## What this task involves
Return the whole listing, line for line, without the pictures in it.
──────── Dataset excerpt
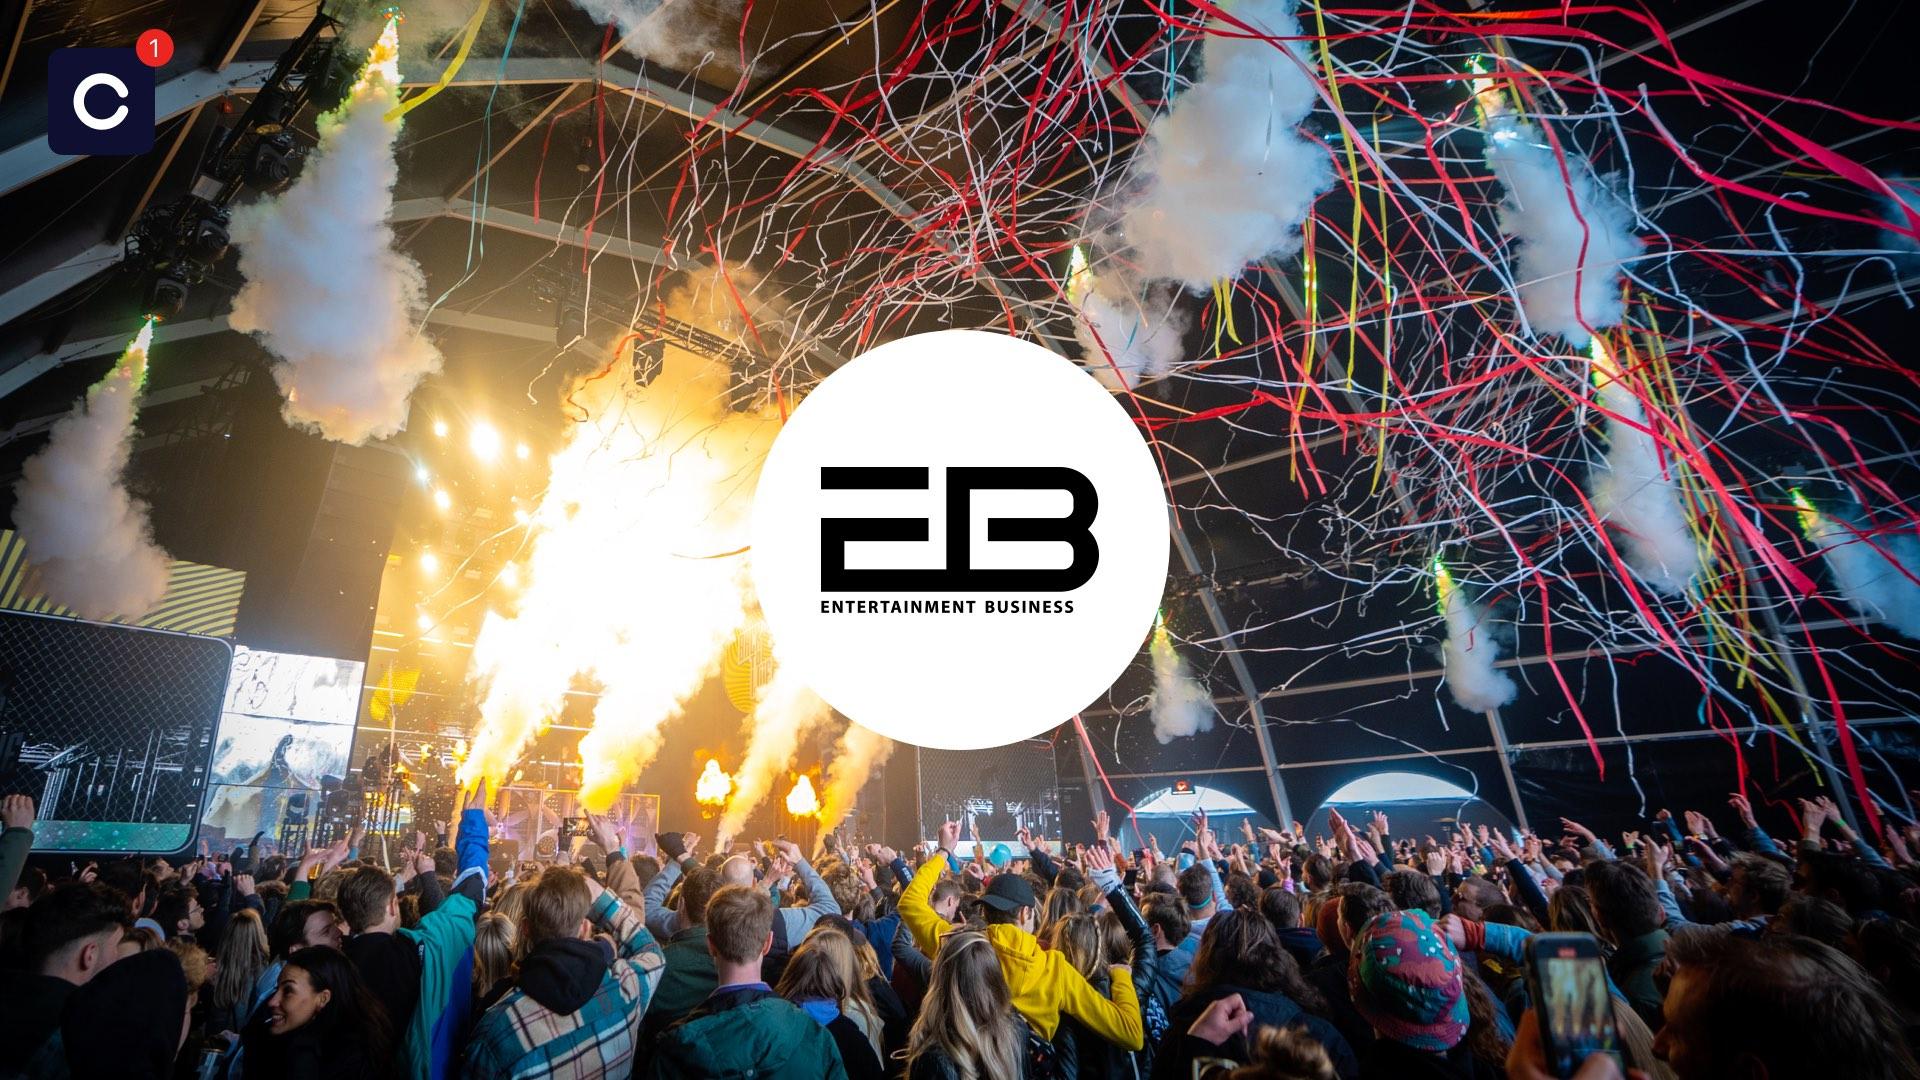 Close-app helpt festivals verantwoord van start te gaan
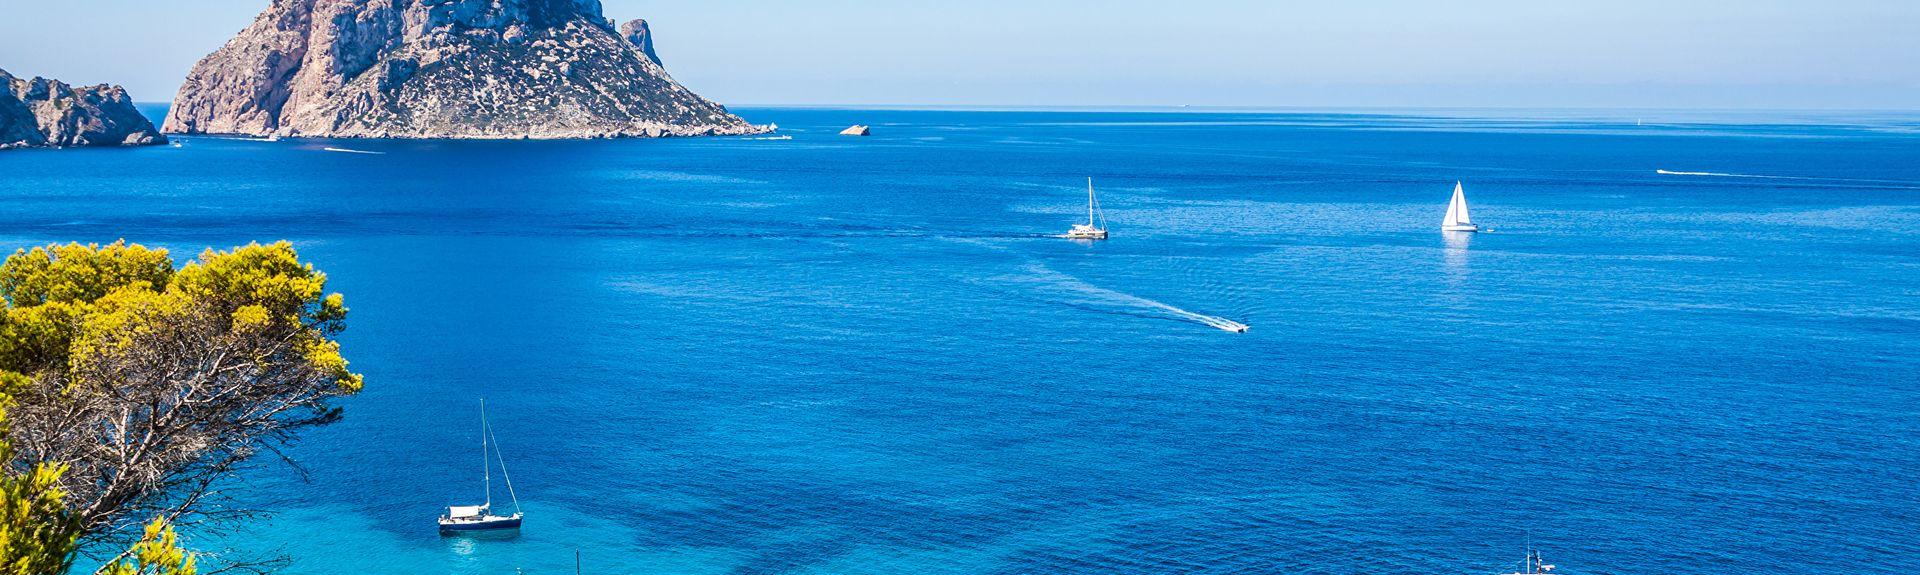 Cala de Bou, Sant Josep de sa Talaia, Balearic Islands, Spain
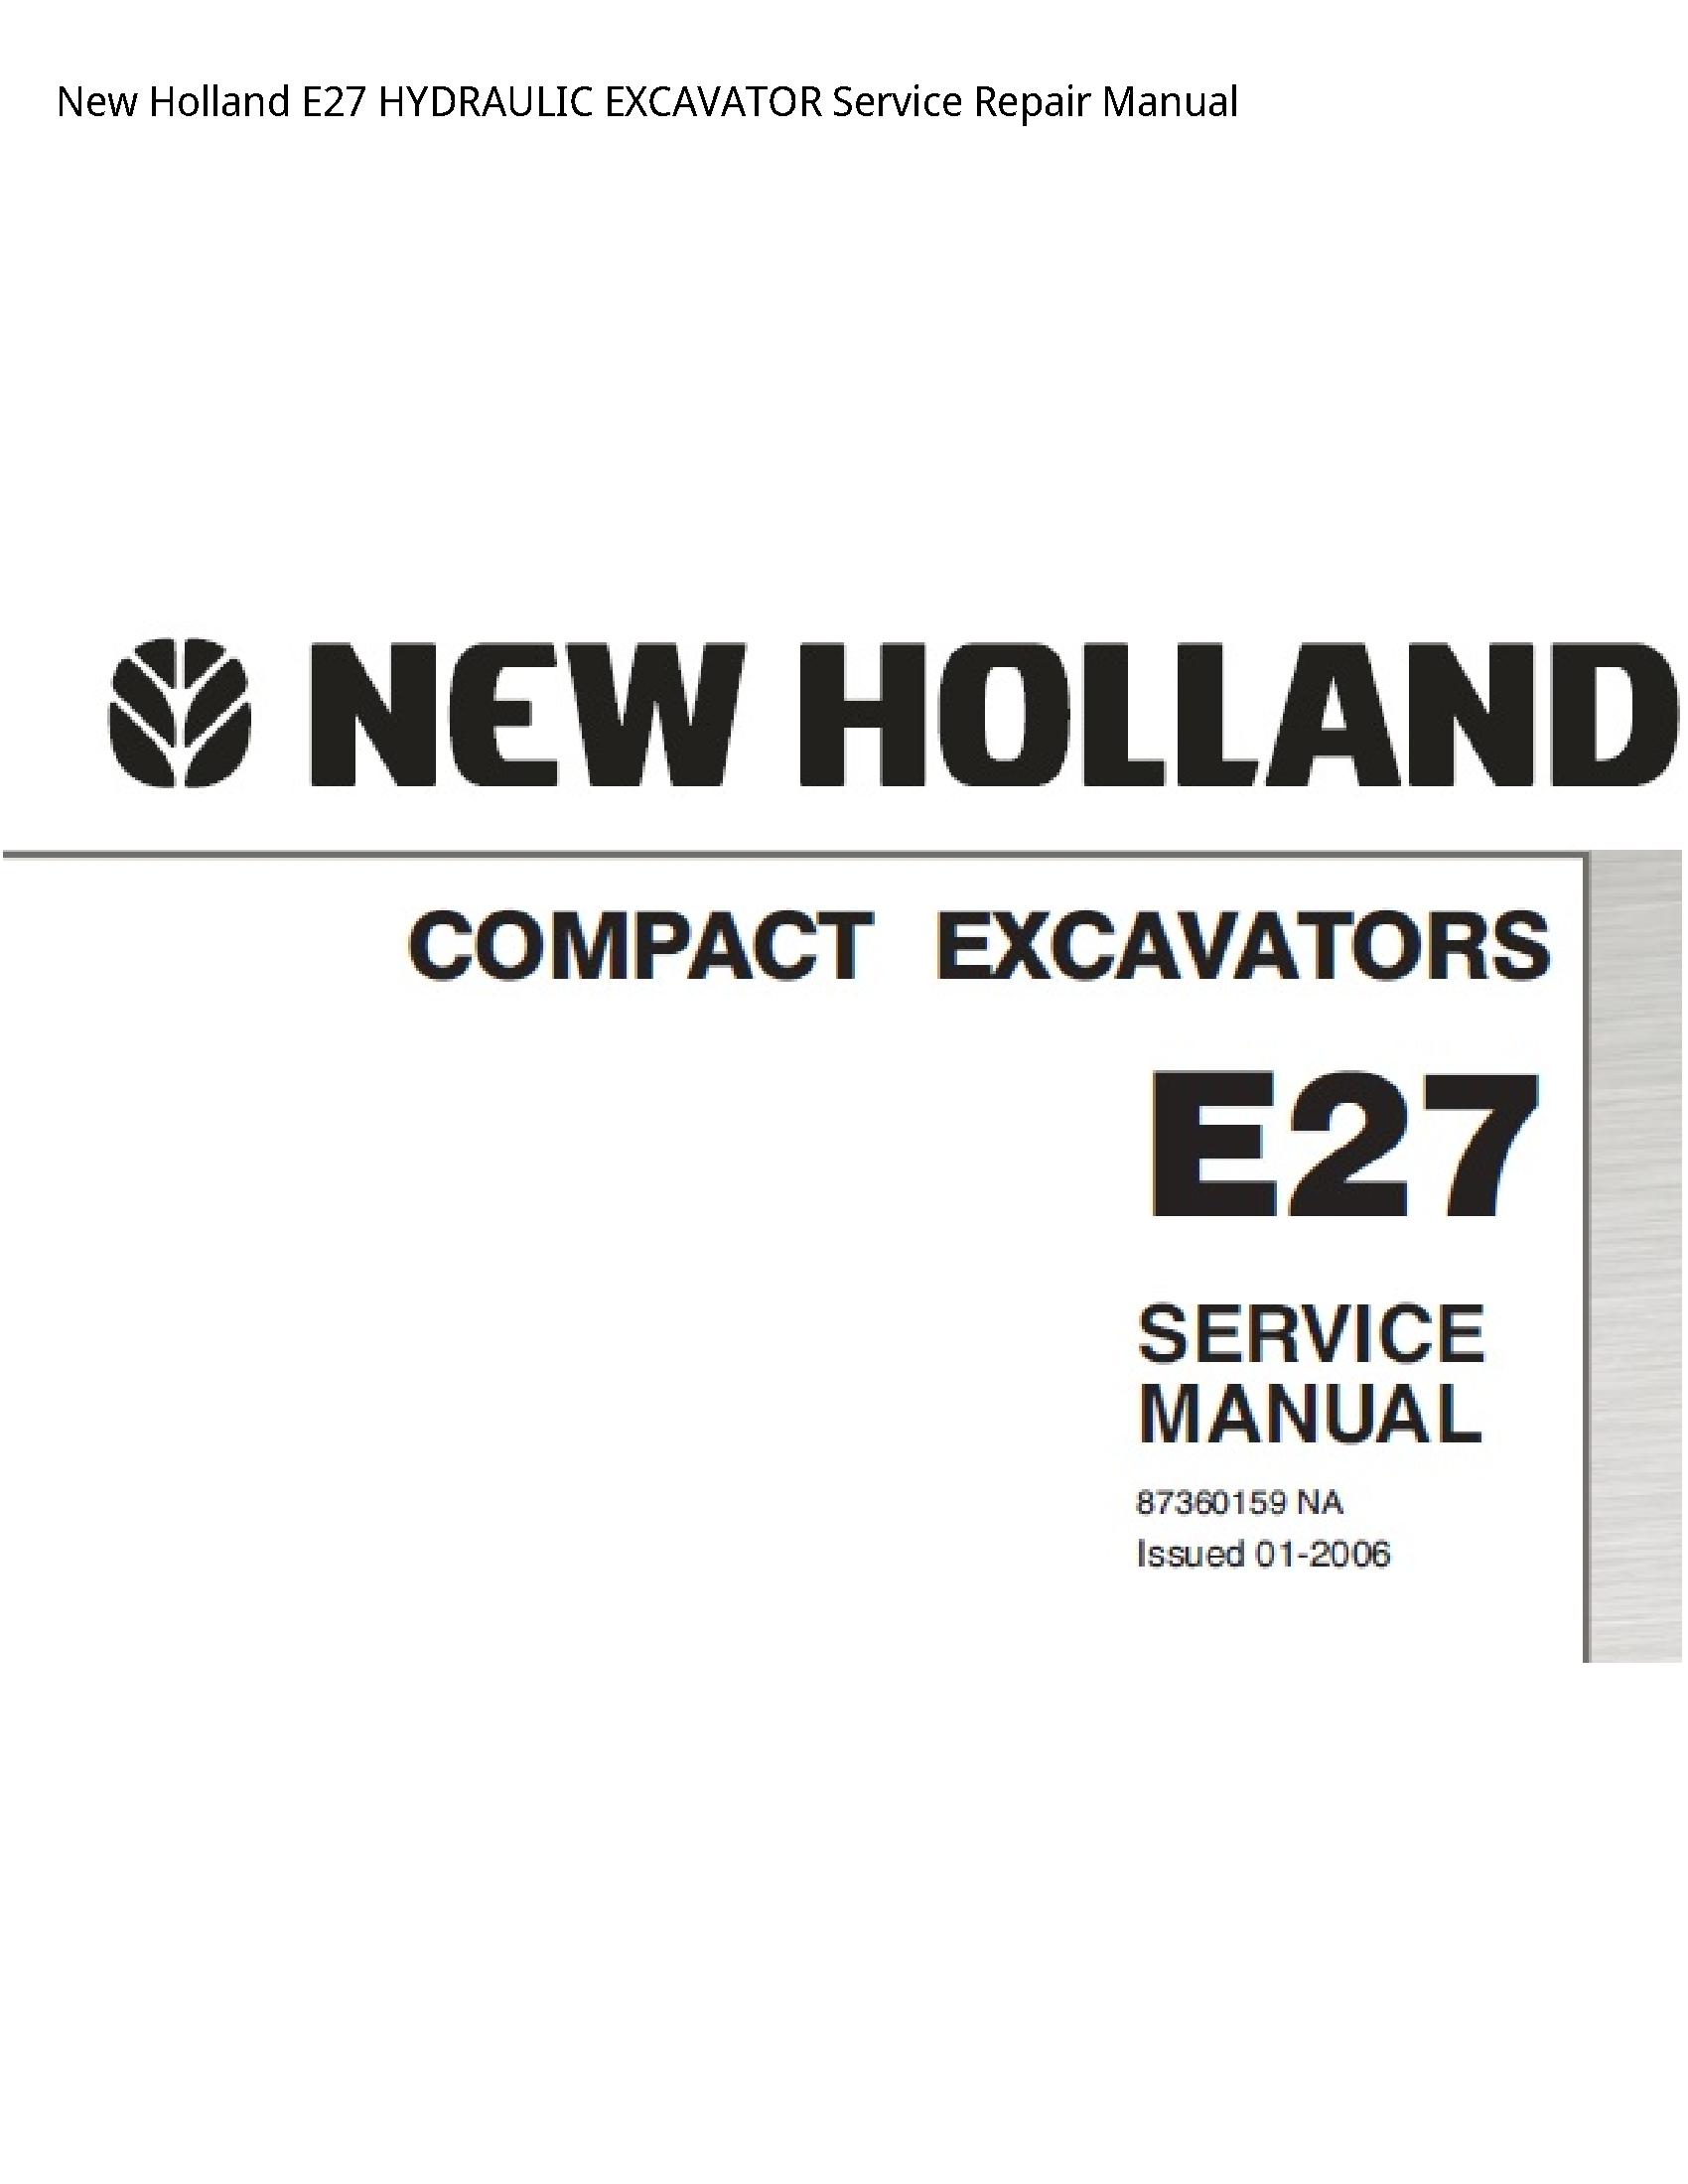 New Holland E27 HYDRAULIC EXCAVATOR manual
────────────────
## Answer to this problem
 Close-app helpt festivals verantwoord van start te gaan
 Cala de Bou, Sant Josep de sa Talaia, Balearic Islands, Spain
 New Holland E27 HYDRAULIC EXCAVATOR manual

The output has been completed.